-- Dataset entries follows --
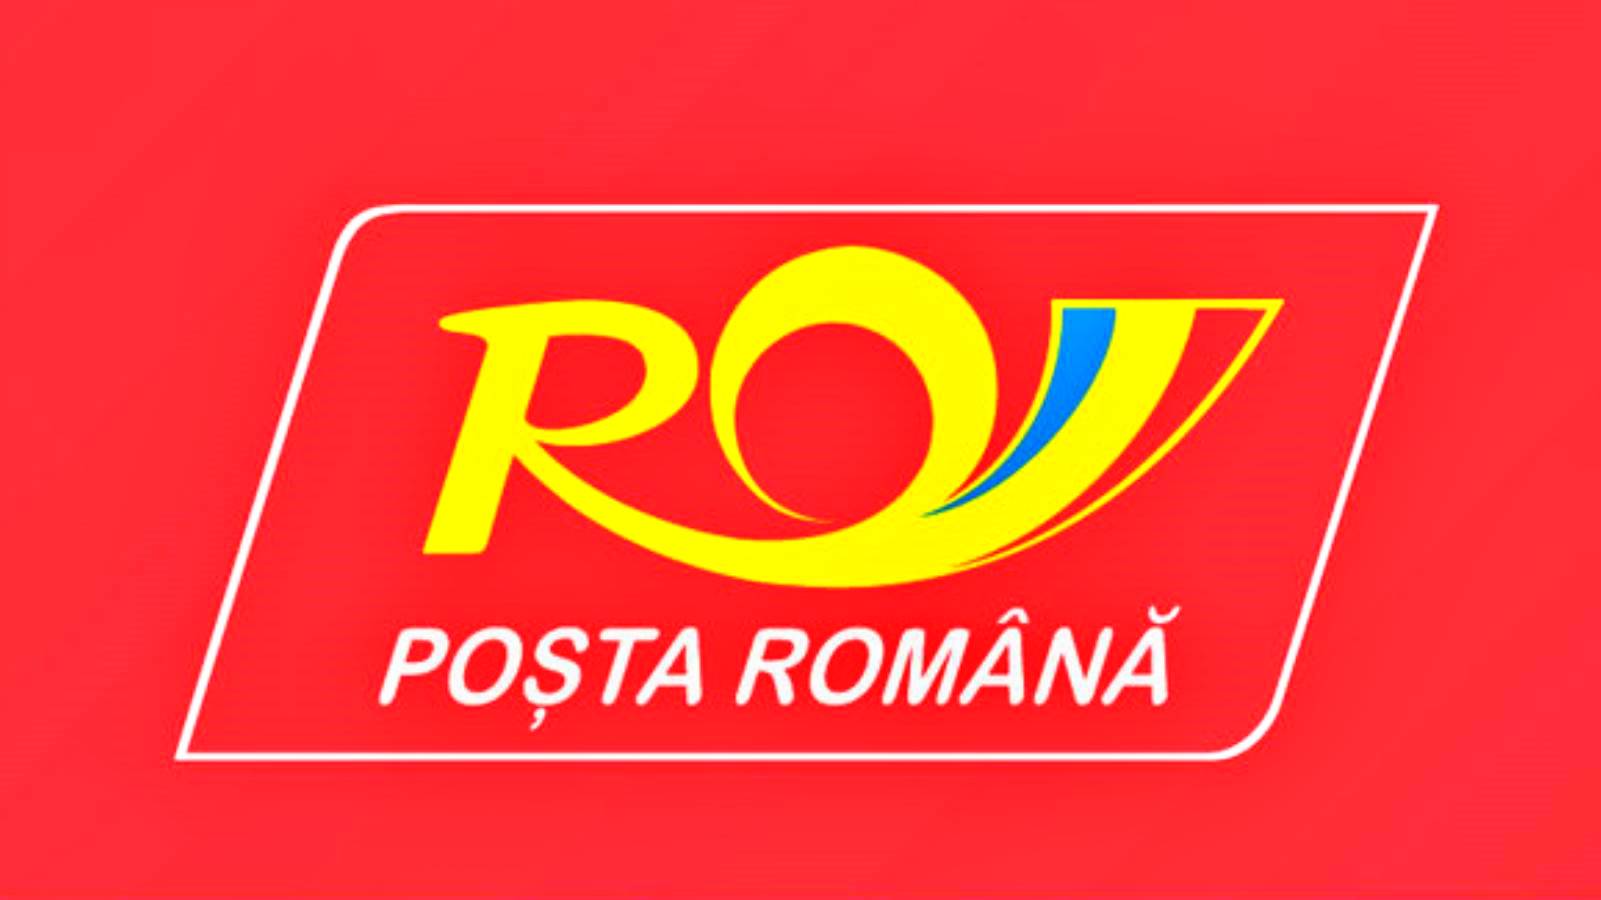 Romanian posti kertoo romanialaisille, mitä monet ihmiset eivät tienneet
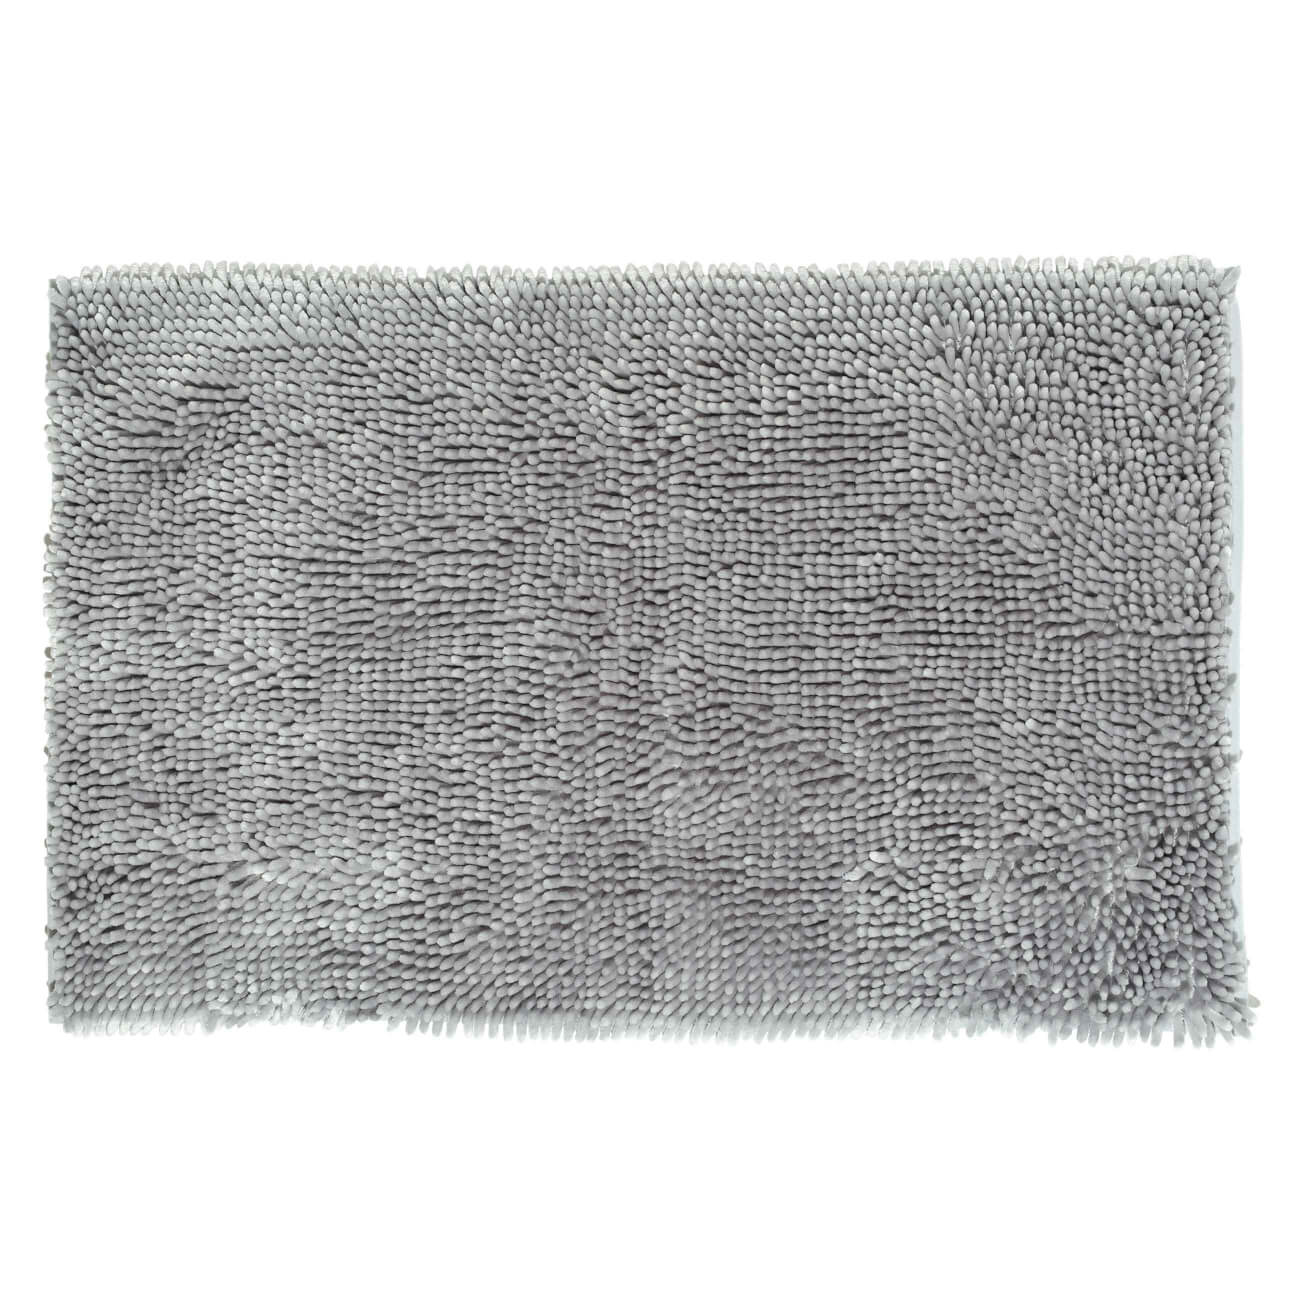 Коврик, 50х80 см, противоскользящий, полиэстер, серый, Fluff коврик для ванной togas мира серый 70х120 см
-- Dataset entries concluded --
-- Dataset entries follows --
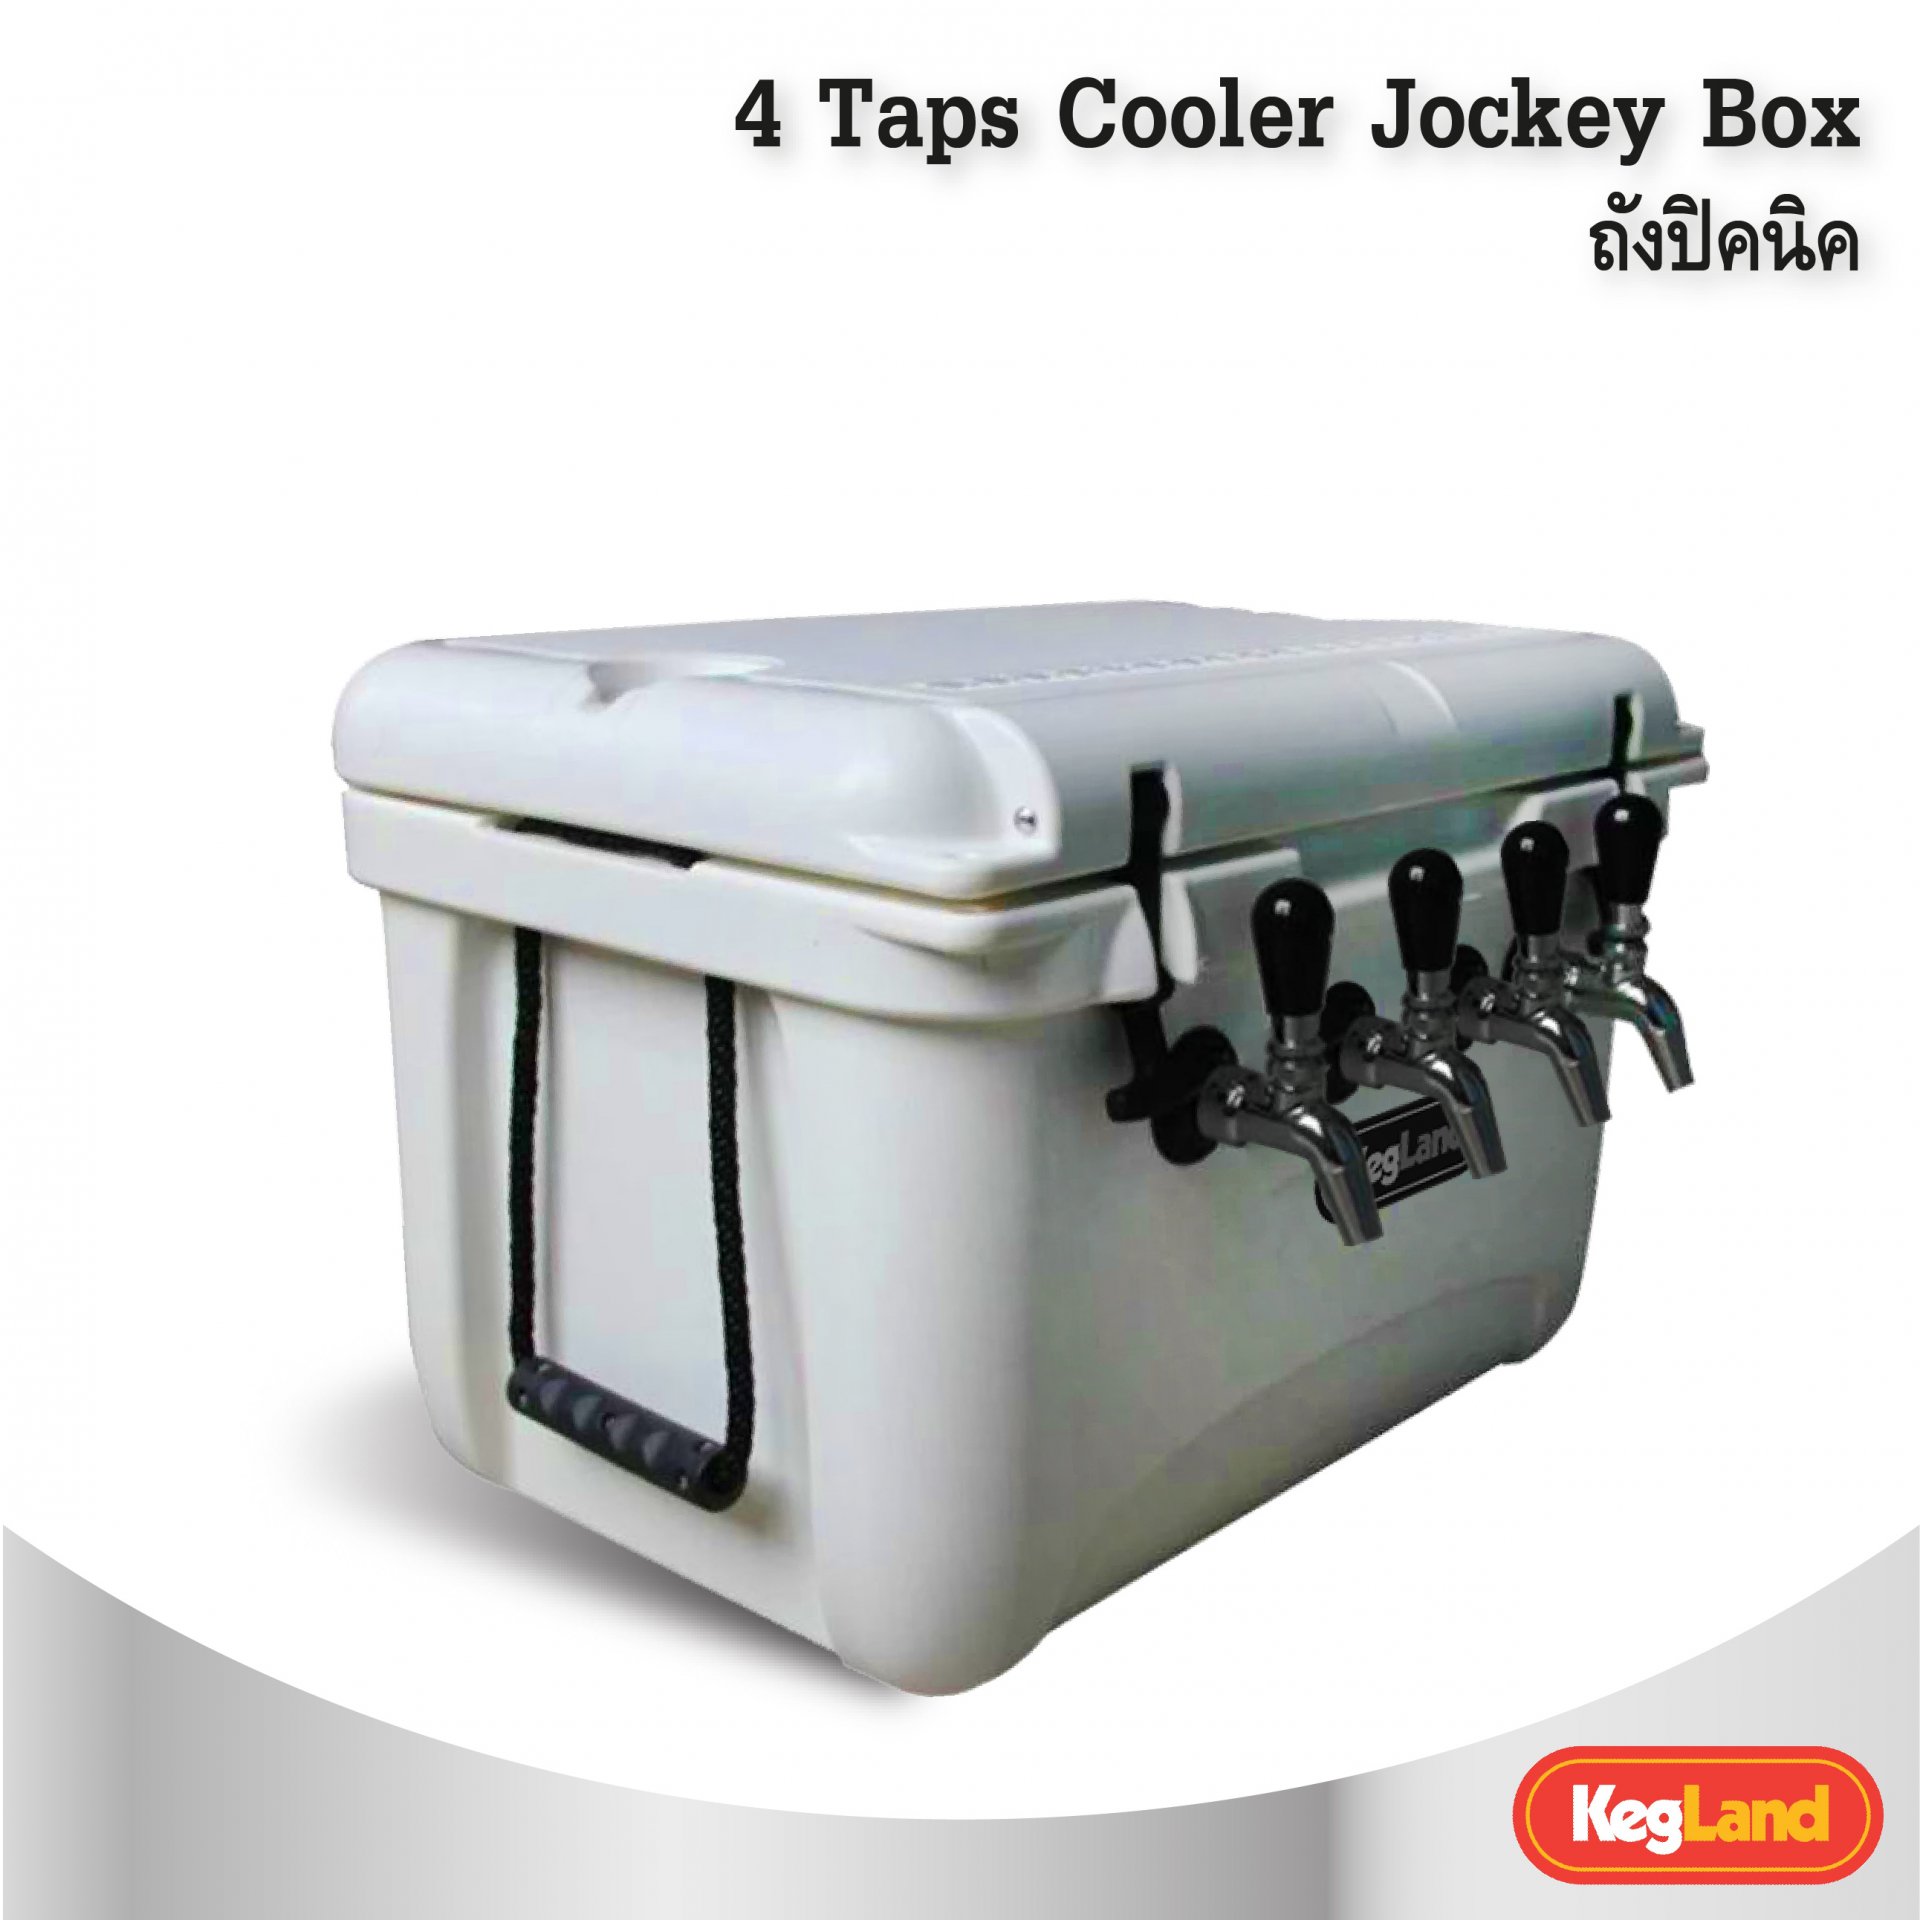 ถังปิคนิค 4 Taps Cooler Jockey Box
-- Dataset entries concluded --
-- Dataset entries follows --
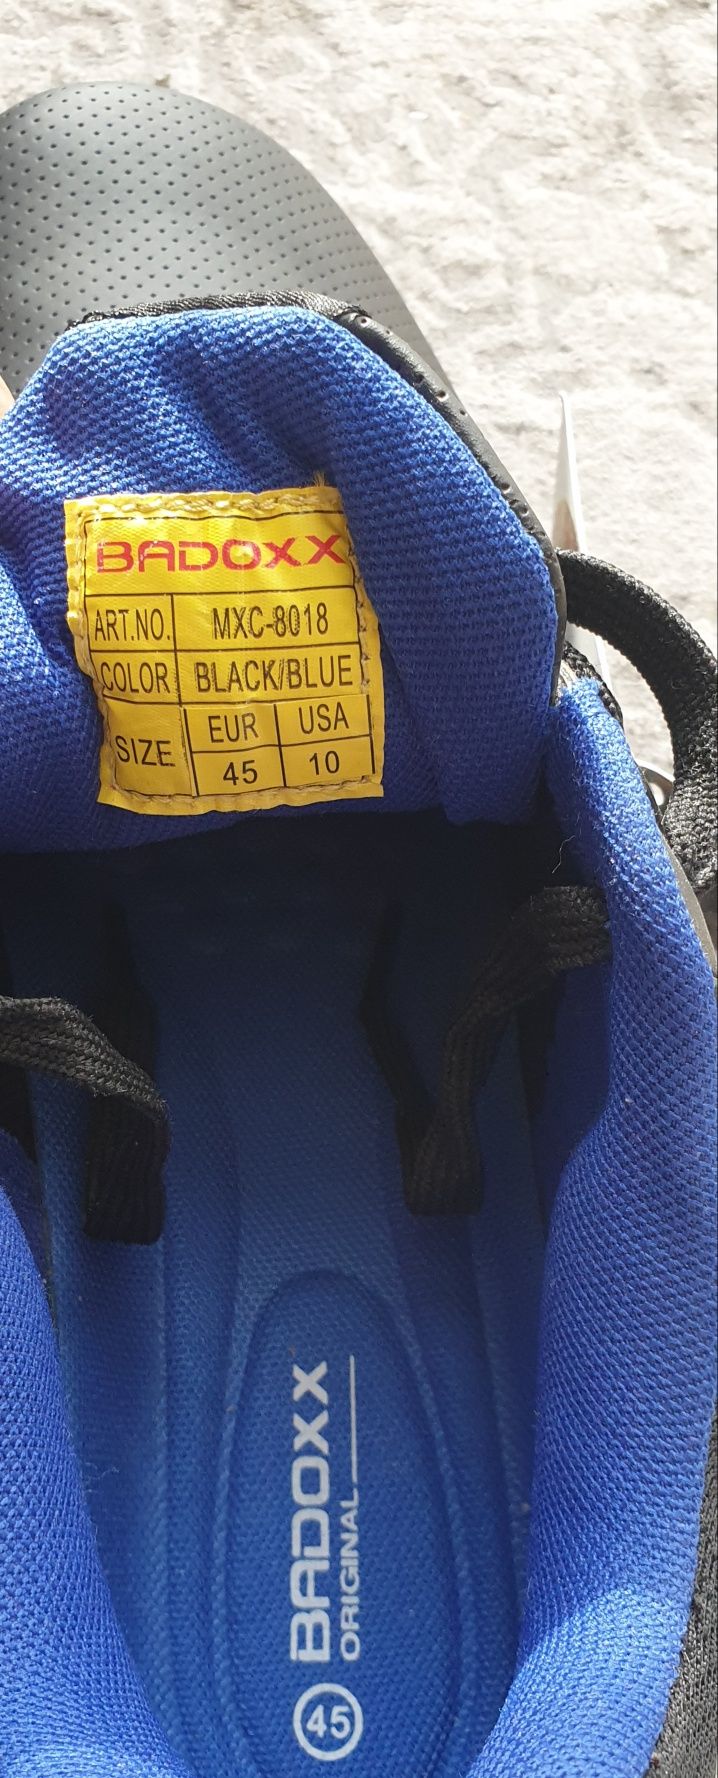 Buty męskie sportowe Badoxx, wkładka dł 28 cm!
-- Dataset entries concluded --
Exercise: In the data above, find the line containing "Romanian posti kertoo" and the line containing "Коврик, 50х80 см, противоскользящий, полиэстер, серый, Fluff". Repeat those two lines and everything between them exactly, minus the pictures.

Written answer:
 Romanian posti kertoo romanialaisille, mitä monet ihmiset eivät tienneet
 Коврик, 50х80 см, противоскользящий, полиэстер, серый, Fluff коврик для ванной togas мира серый 70х120 см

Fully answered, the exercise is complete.